I use this method when it comes to regular life too. And in the past couple of weeks I have heard the word “mindfulness” at least five times. It was while watching a youtube clip, talking with my friends, as well as listening to a new book during my commute to work. Someone is definitely trying to tell me something. The definition of mindfulness is “the gentle effort to be continuously present with experience”. So I’m taking this as a sign, and I’m going to try my absolute hardest to make it a reality.
I've been asked lately “how do you do it all?” because I work full time, have 3 kids (two boys who are in sports and a daughter with special needs), I do photography, helped launch a non-profit, have a home to clean, meals to make, laundry to do (oh the laundry), and the list goes on. I've been jokingly replying “oh believe me, I’m on the verge of a mental breakdown”. Then I remembered my mom saying “thoughts become things” and damn if I didn't bring that thought to fruition! I am seriously about to lose it. I'm hanging by a thread and I think my husband is genuinely worried I will quit my job. I told Jesse “something’s gotta give”, and so I've decided it’s me. I need to be the one to change. I’m going to do my best to initiate change into my hectic and hurried life. I'm not "doing it all", and to be totally honest, I'm not even doing half of it. I'm half-assing it in the areas that matter the most and deserve my full attention.
My first step is that damn phone of mine. I’m always plugged in. Always. I'm embarrassed to admit it, but I’m addicted to that device. I always have it on the bedside table next to me at night. Some nights I will be online until 1am or later reading blogs and articles or chatting with new moms who need my support. I have a habit of continually checking my phone… work email, personal email, Facebook. In that order, over and over again. As if I'm going to miss something if I don’t look every 5 minutes. What has happened is that I am not giving my kids my full attention. It’s like half-assed attention as I’m trying to reply to a message. I need to look at my babies in their faces when they ask me for a juice box or a snack. I need to see their beautiful eyes when I ask them how their day was. I need to be in the present.
So I started a week ago. I put my phone down. I am only going to check it when the kids are not with me, or are in bed. I’m not going to be as frantic about checking my work emails when I’m not at work. It’s not what’s important, my boss even told me to quit doing emails at night! My kids are growing up before my eyes, and I feel like I’m not there to watch it.

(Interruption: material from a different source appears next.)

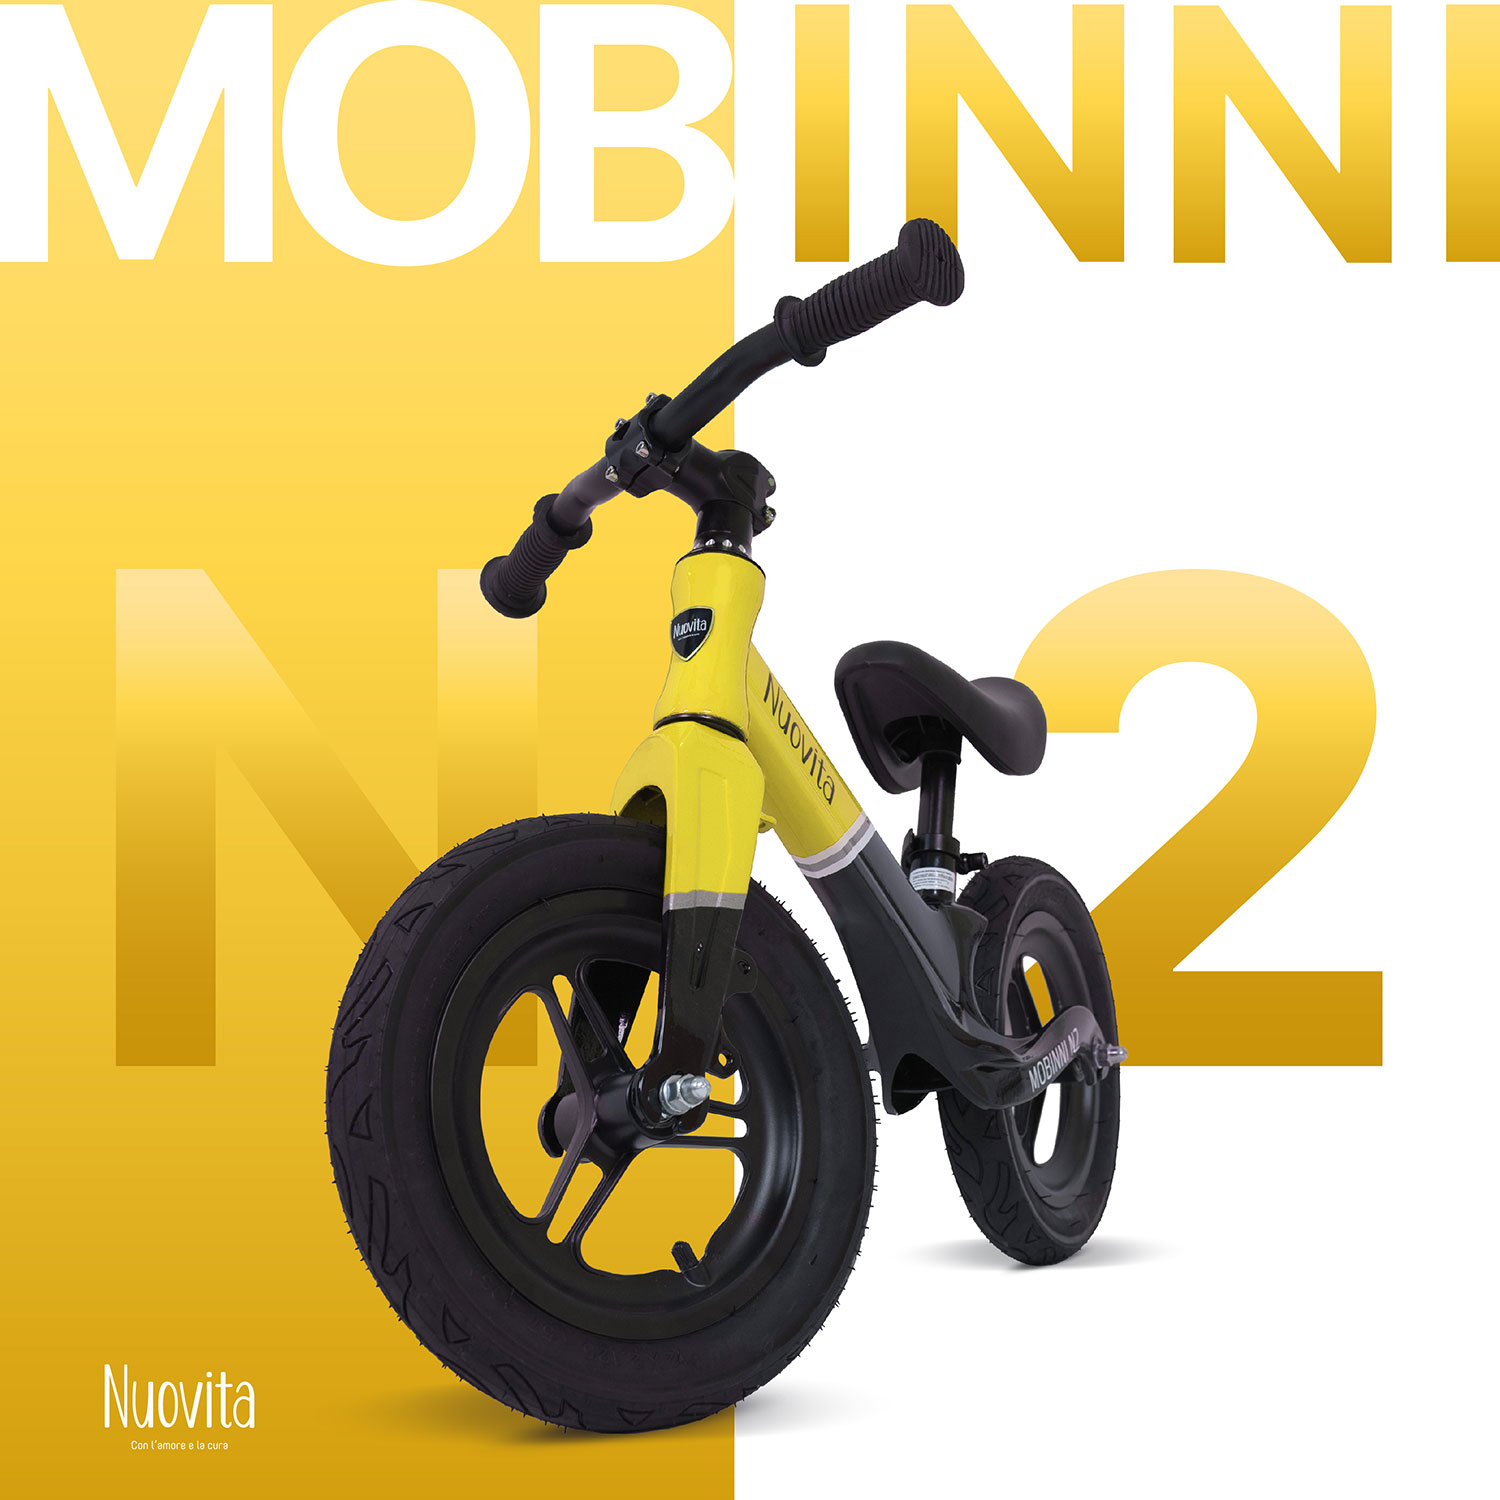 Беговел Nuovita Mobinni N2 (Nero Giallo/Желто-черный) беговел nuovita mobinni n2 nero giallo желто
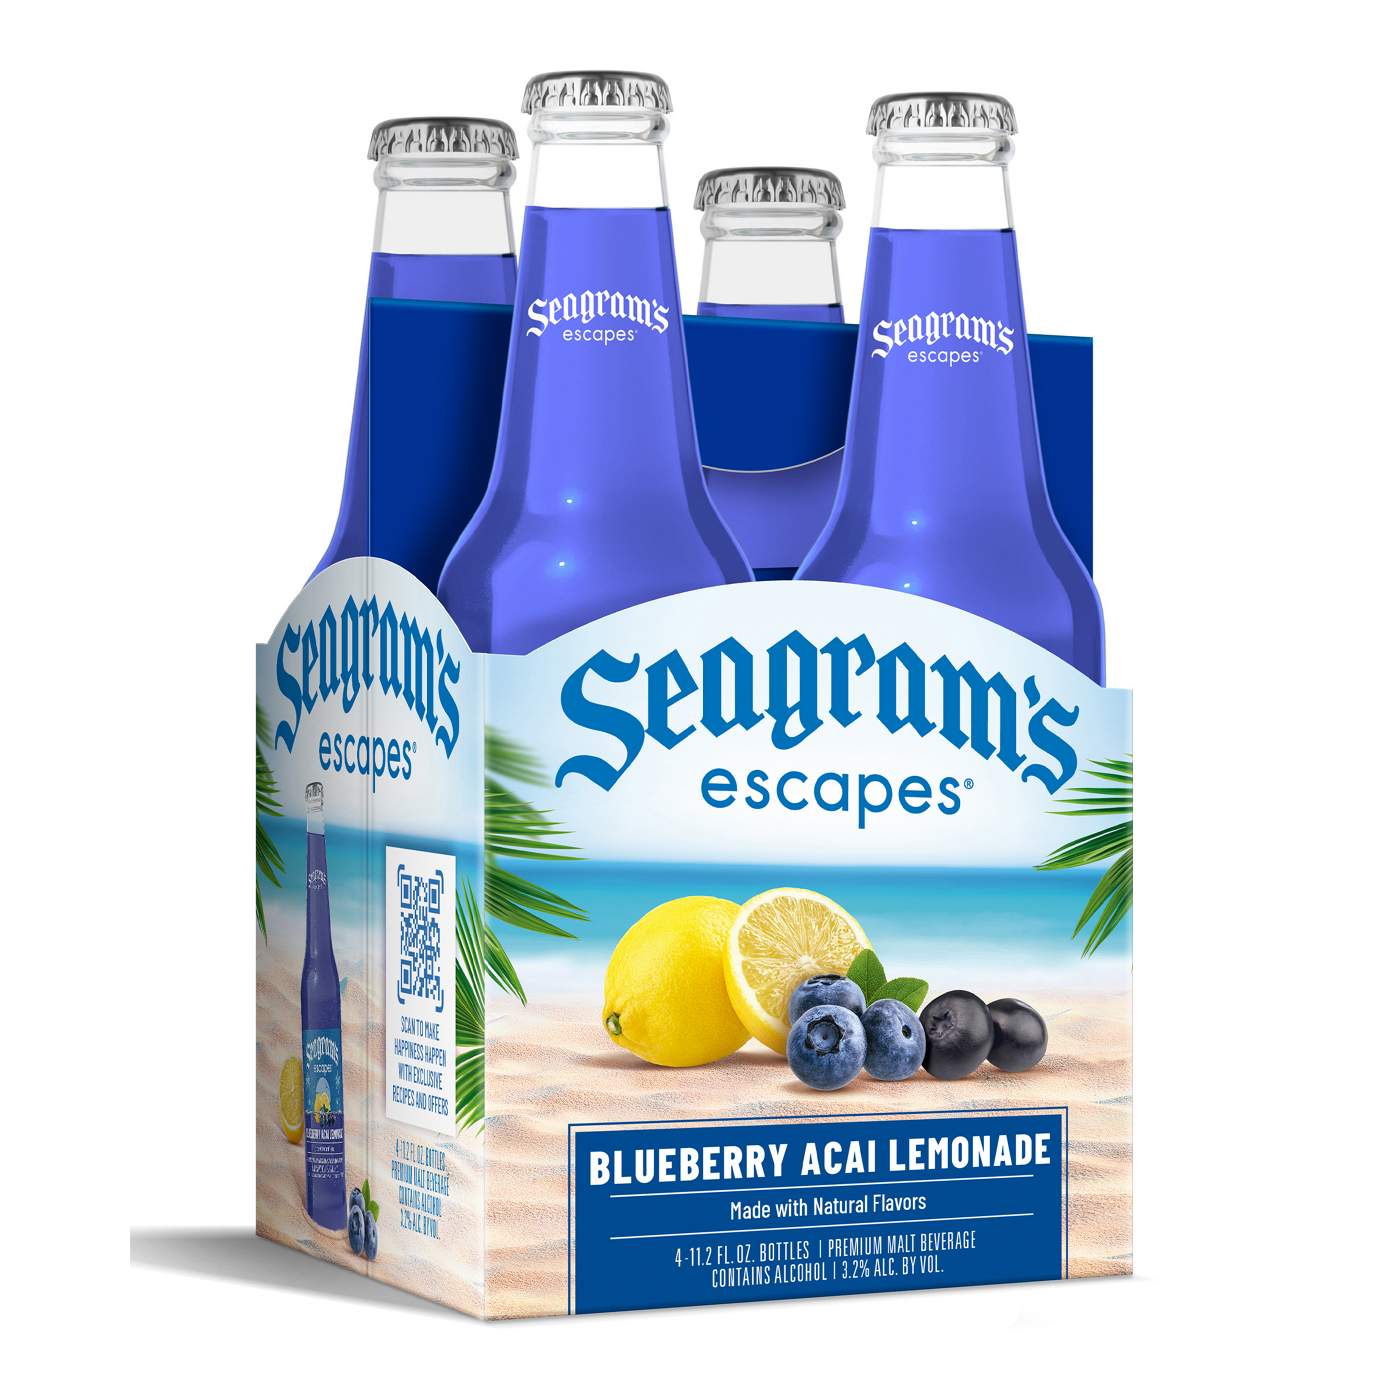 Seagram's Escapes Blueberry Acai Lemonade Bottles 4 pk; image 2 of 2

I’m also not bringing my phone to bed. I’m going to leave it downstairs so I don’t look at it every time it buzzes… halfway asleep with one eye open. Who does that? Oh yeah, I do.
The second area I’m going to try to work on is my eating habits. I have a 50% chance of Type 2 Diabetes because I had gestational diabetes when I was pregnant with Ellie. I love to eat and so does Jesse. We center our lives around entertaining and enjoying good meals. Not to mention yummy cocktails which are also bad for the waistline- OK maybe that's just my weakness. Our whole family has a love for pizza and blizzards from Dairy Queen. Even my almost 7 year old Will is known for saying “oh mom this is so bad.. it’s good!” My amazing friend sent me a TED talk by Sandra Aamodt about why dieting doesn't work. If you have an extra 13 minutes I suggest you watch it.
Sandra Aamodt: Why dieting doesn't usually work
As I was watching, I heard her say “mindfulness”. There it was again, that word! I just need to be aware of what I’m putting in my body. But I can't obsess over it. I tend to senselessly shovel Juanita’s chips in my mouth as I cook dinner. I need to take a step back and look at what I'm doing. Just be aware.
The third and last baby step I am taking is to be mindful during the nighttime routine with my kids. Jesse and I take turns putting the boys to bed. Usually they will both sit on our laps and Will gets his reading homework done. It’s been getting to where we are shortening it more and more.. “pick a shorter book”, “we are just doing prayers tonight you guys stayed up way too late”, “I’ll tell you one story, but it’s going to be a quick one”, “it’s way too late, no stories tonight you guys need your sleep”.
What am I doing? How much longer will my boys sit on my lap and snuggle me? Why am I shortening this precious time each night? These moments will end up being non-existent if I continue on this path. I tested myself this weekend, it was the middle of the day on Saturday. I had tons of stuff to do around the house, the list seems endless. Luke was cranky so I asked him if he’d take a nap. He is almost 5, so even the word nap stresses him out. I told him I would feed Ellie in the rocking chair and he could lay in bed and I’d tell him a story. He liked the idea. I ended up spending 45 minutes with Luke while Ellie drank her bottle and fell asleep. We sang songs back and forth. He was not shy about showing me how he knew every word to “Let it Go” and “Do you Wanna Build a Snowman”. I had no idea he knew every last word, I had no clue. That 45 minutes was awesome. He woke up happy and revived, and my heart felt full.